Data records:
┄┄┄┄┄┄┄┄┄┄┄┄┄┄┄┄┄┄┄┄
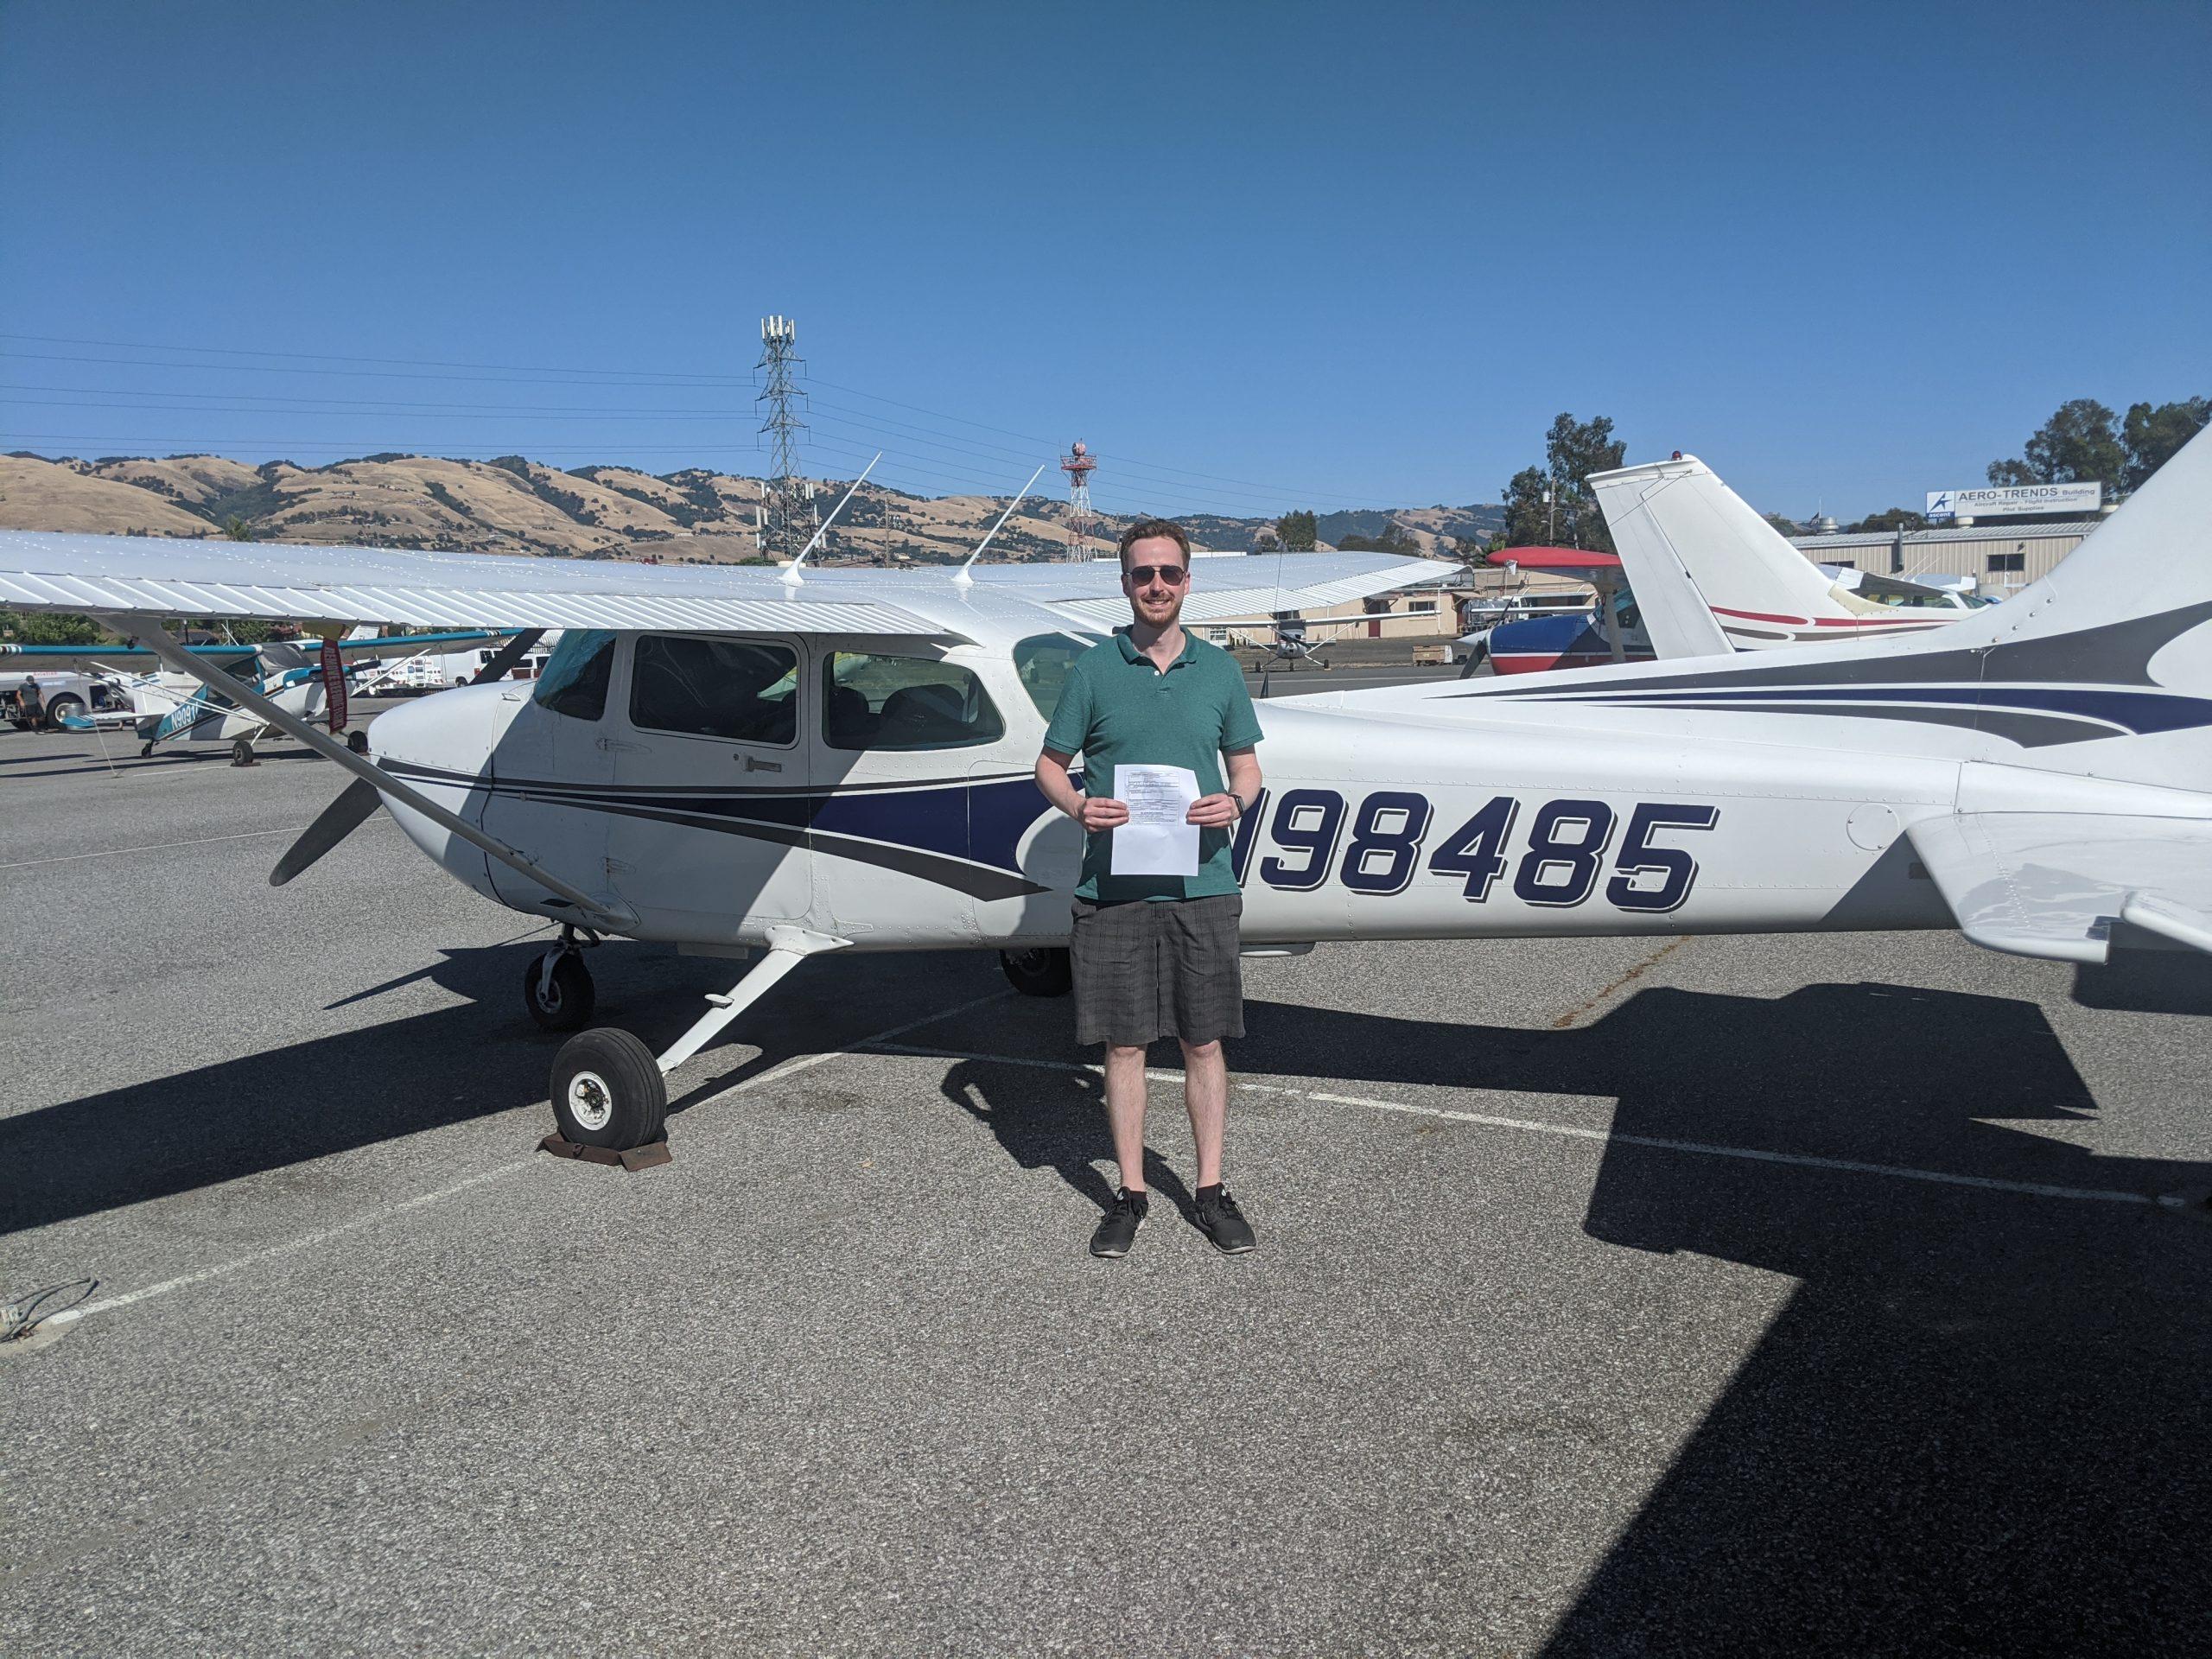 IFR, instrument rating, flight training
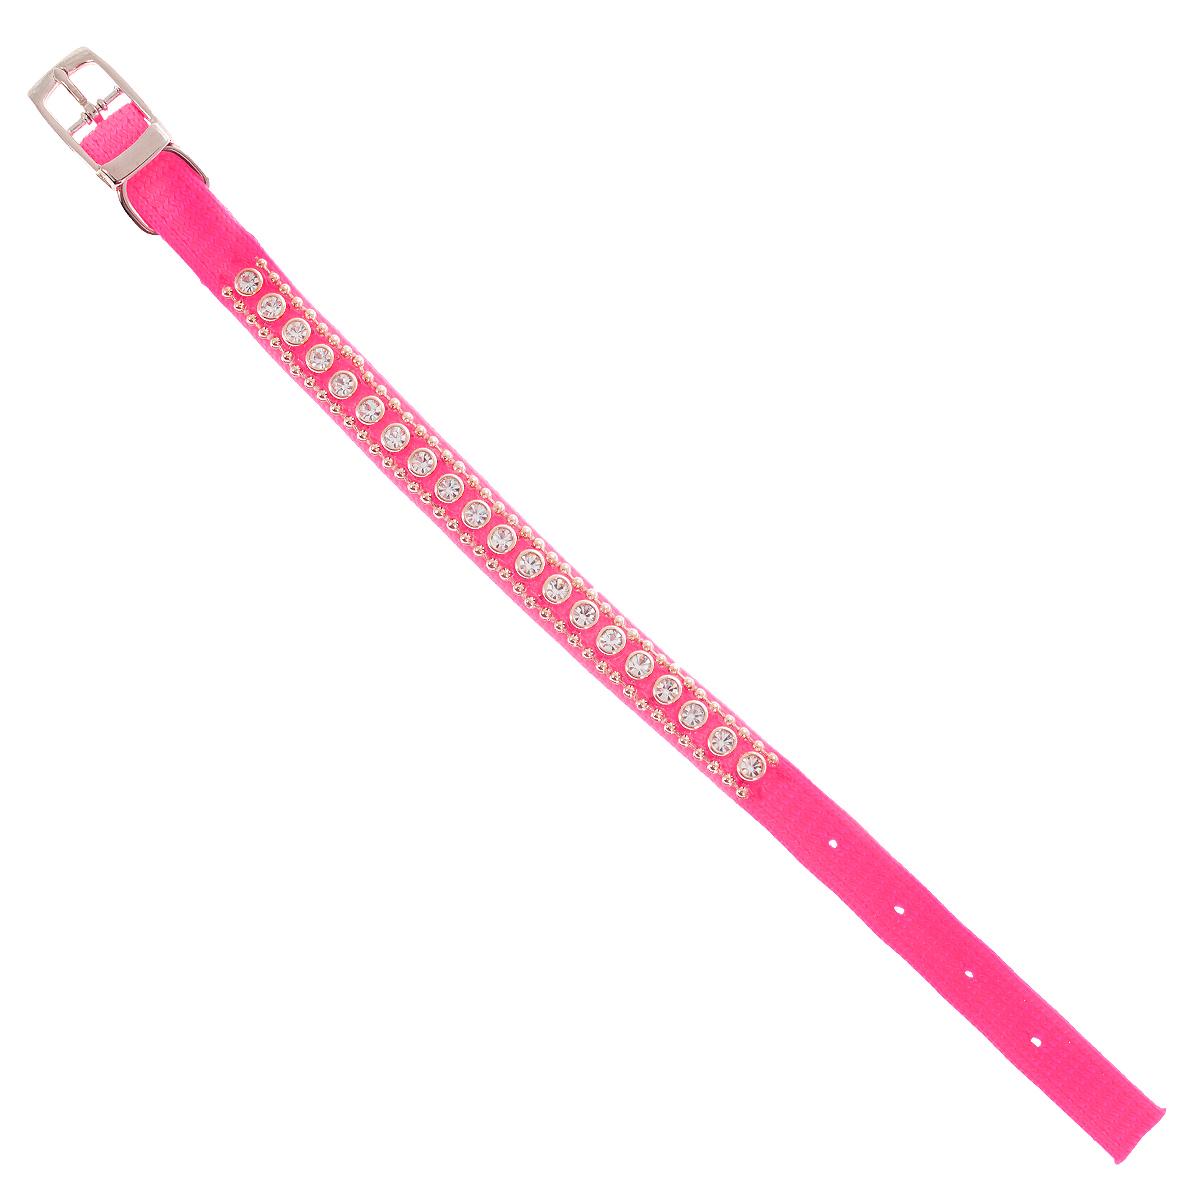 Ошейник Pet Line для животных, со стразами, цвет: розовый, длина 24,5 см pet line фурминатор большой 79 зубьев
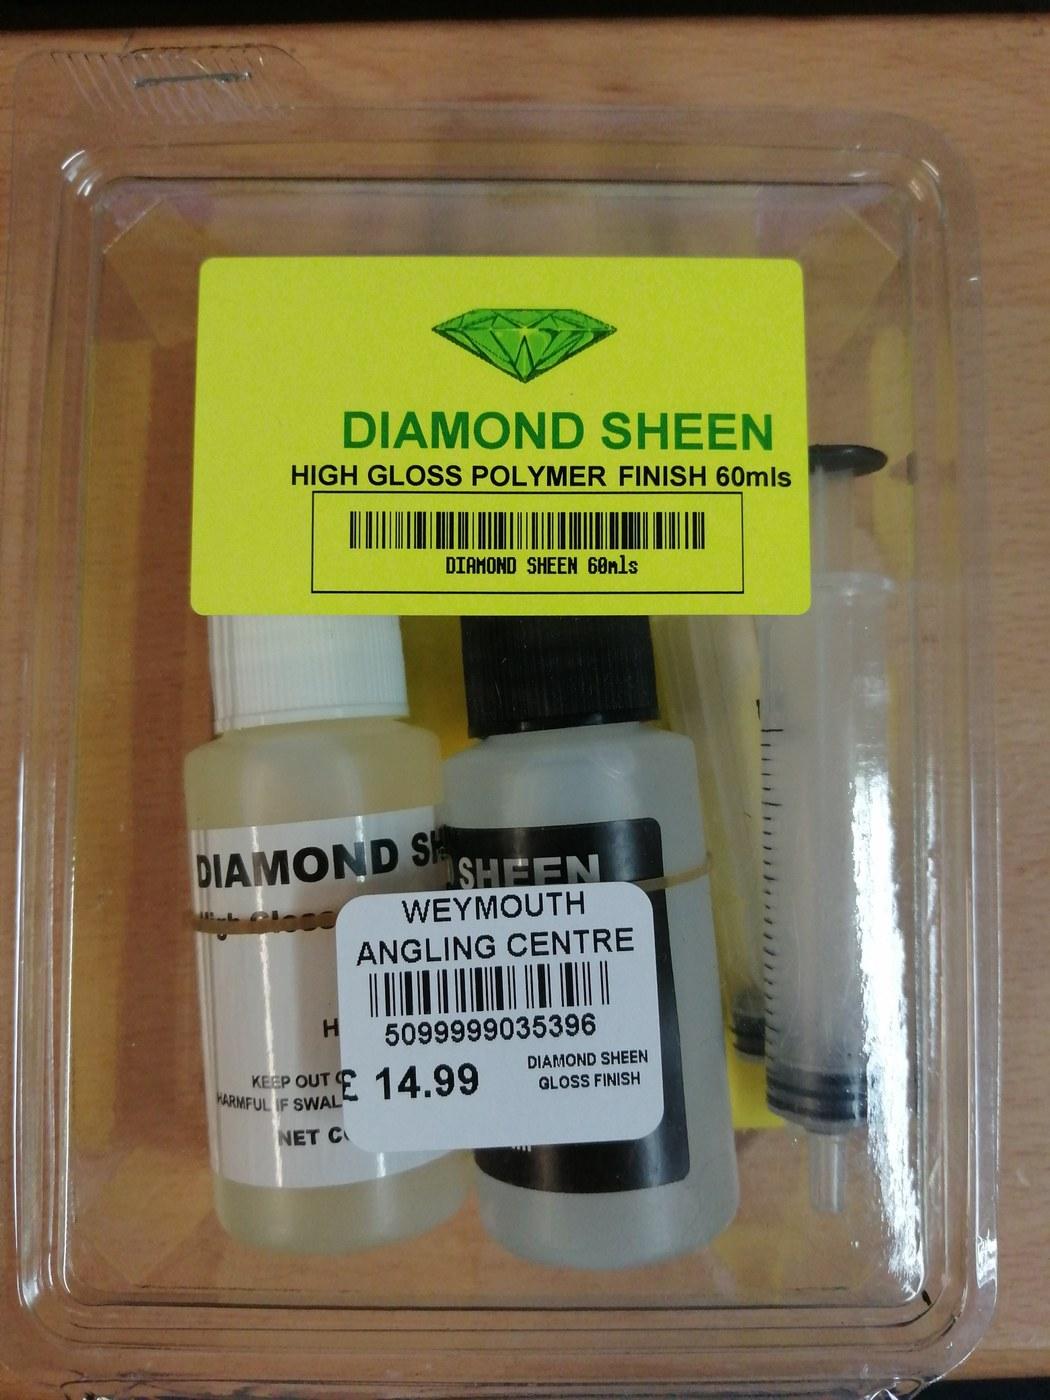 Diamond Sheen High Gloss Rod Kit
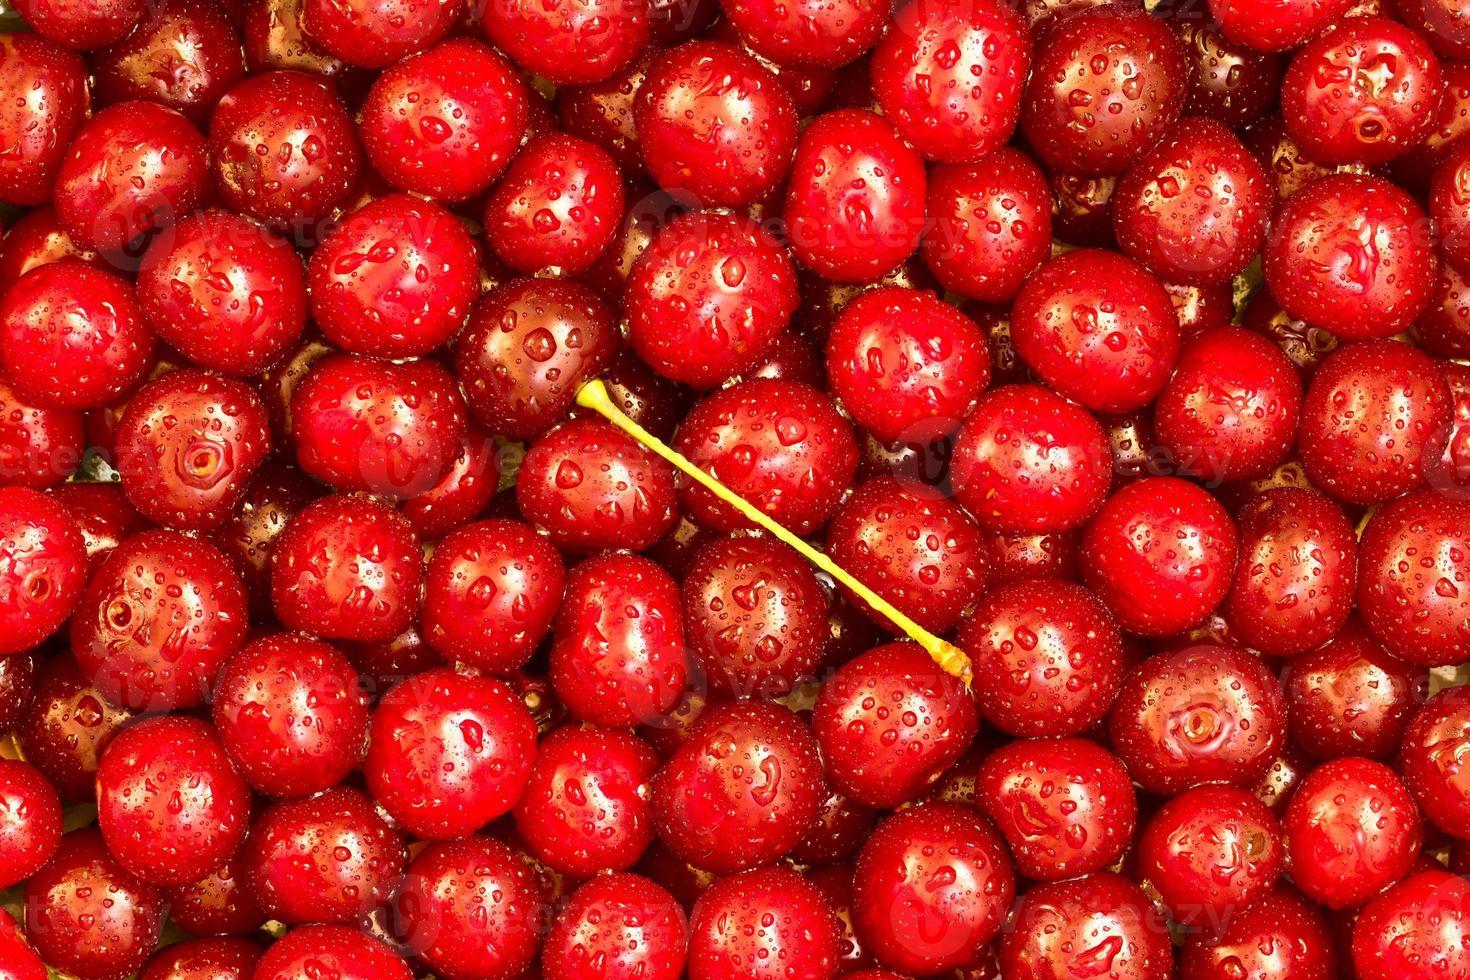 Cherries background photo
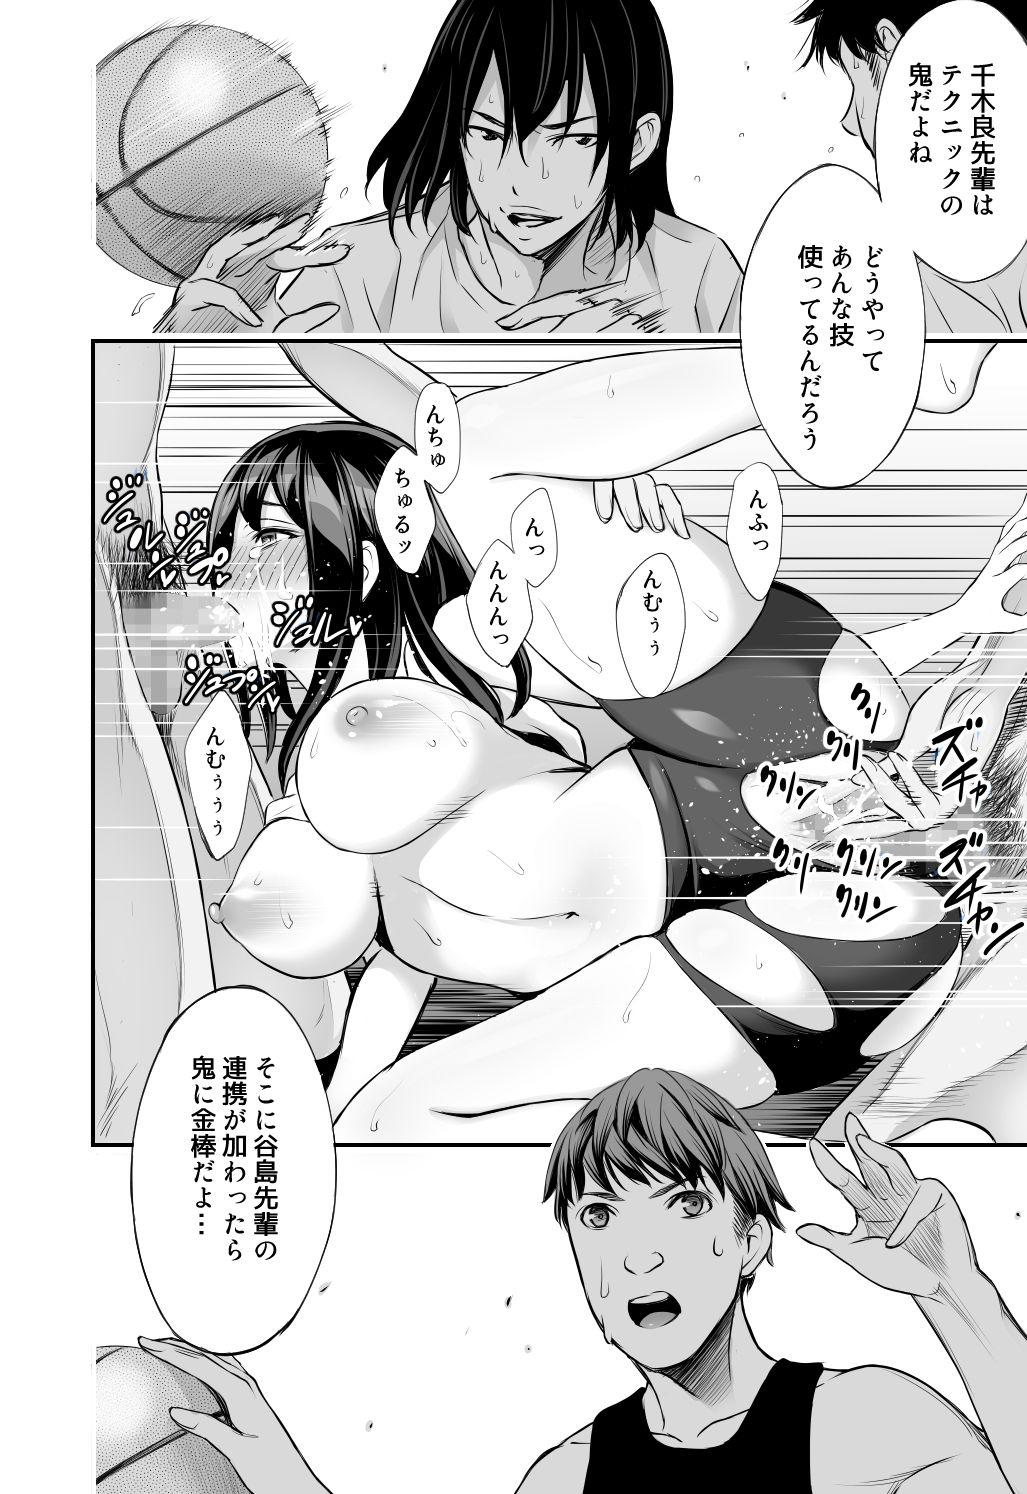 Futari no Yakusoku 34
┄┄┄┄┄┄┄┄┄┄┄┄┄┄┄┄┄┄┄┄
* [YOUR ASSIGNMENT]
Your copy of the records must be exact and must contain no pictures.

* [EXPECTED ANSWER]
 IFR, instrument rating, flight training
 Ошейник Pet Line для животных, со стразами, цвет: розовый, длина 24,5 см pet line фурминатор большой 79 зубьев
 Diamond Sheen High Gloss Rod Kit
 Cherries background photo
 Futari no Yakusoku 34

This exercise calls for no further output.